A lapse in cybersecurity can mean big problems for employers, but it seems many organizations haven't set up preventative measures to ward off potential breaches. Almost 40% of companies' data breaches start internally, according to a Harvard Business Review report. A more recent report from Willis Towers Watson estimated that 66% of cyber breaches result from employee negligence or malfeasance. Recall, for example, the 2017 mess up in London, when someone found on the street a USB drive carrying Heathrow Airport security data, including Queen Elizabeth II's route to the airport.
"Everyone knows human error is a problem, but the number of breaches and the gravity of breaches continues to go up," Michael Madon, general manager of security awareness products at Mimecast, told HR Dive in an interview. "And that's because they're not addressing the core problem of human error."
But eliminating human error doesn't make for perfect cyber security forevermore. "There's no one magic pill to fix the cybersecurity problem," Madon said. "To me, it's about having an effective program with the goal of reducing risk and creating a resilient organization. It's a holistic approach." To ensure cybersecurity on all fronts, Madon said employers need to have programs in place to protect email, to defend against malicious web addresses and to allow for safe and secure information storage.

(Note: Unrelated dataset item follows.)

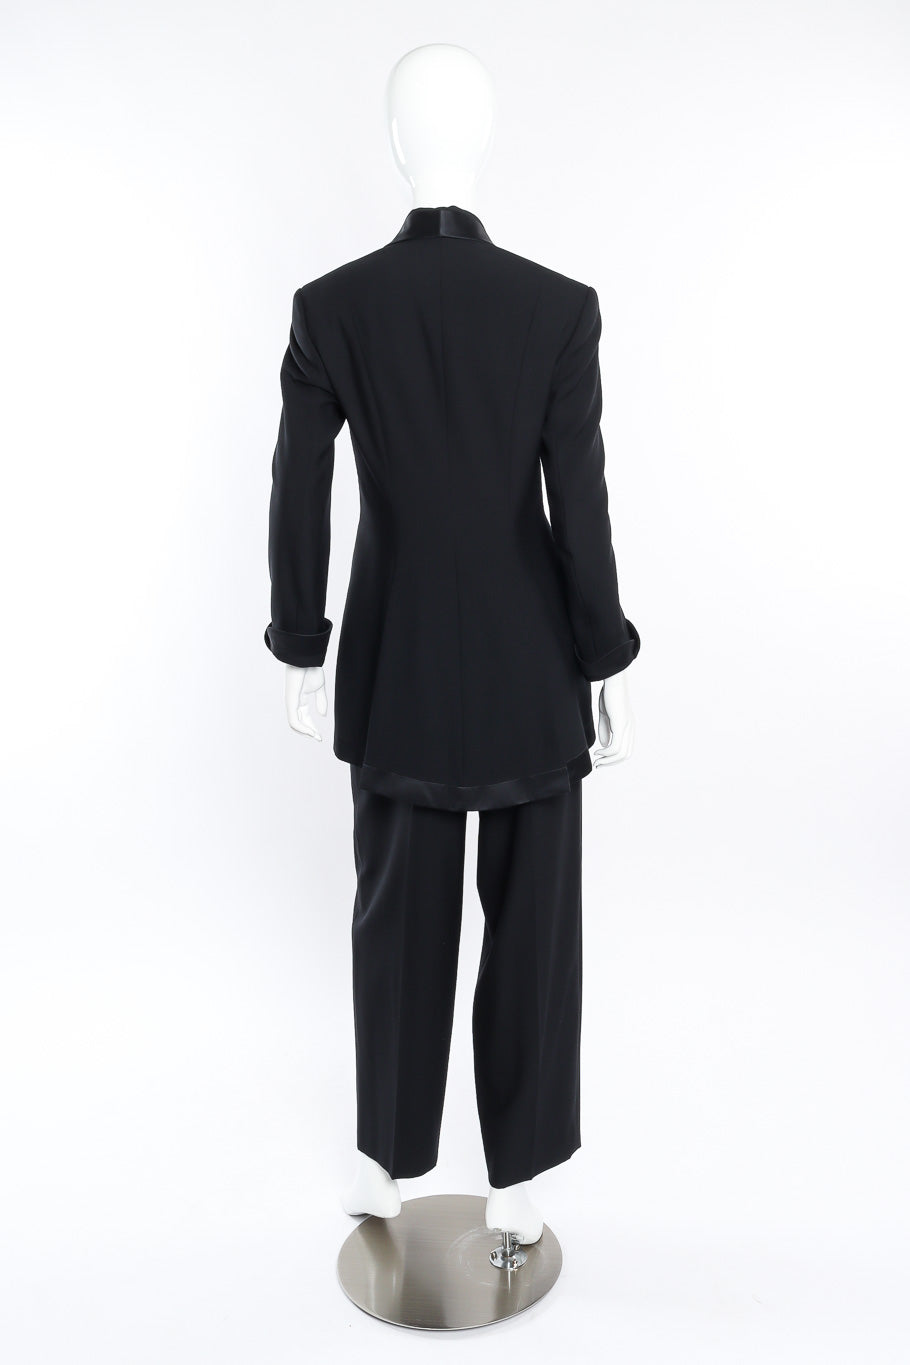 Vintage Richard Tyler Tuxedo Pant Suit back view on mannequin @Recessla

And, of course, employers need to address human error through training. Some employers have already been on the move in this respect. Thirty-five percent of CISOs said employee training should top financial organizations' to-do lists, according to the Financial Services Information Sharing and Analysis Center's 2018 CISO Cybersecurity Trends survey. An effective training regime would "change the way someone thinks about security, from compliance to commitment," Madon said. "If you're going to use modern learning methods, in order to have an effective learning program, it needs to be engaging, it needs to be short, but it also needs to be continuous."
Madon isn't unique in this theory. Tom Pendergast, chief learning officer at MediaPRO, likens a good training program to a set of convincing commercials. "A great security awareness initiative should look like a great advertising campaign," said Pendergast. "[T]hink of it as influencing consumer behavior."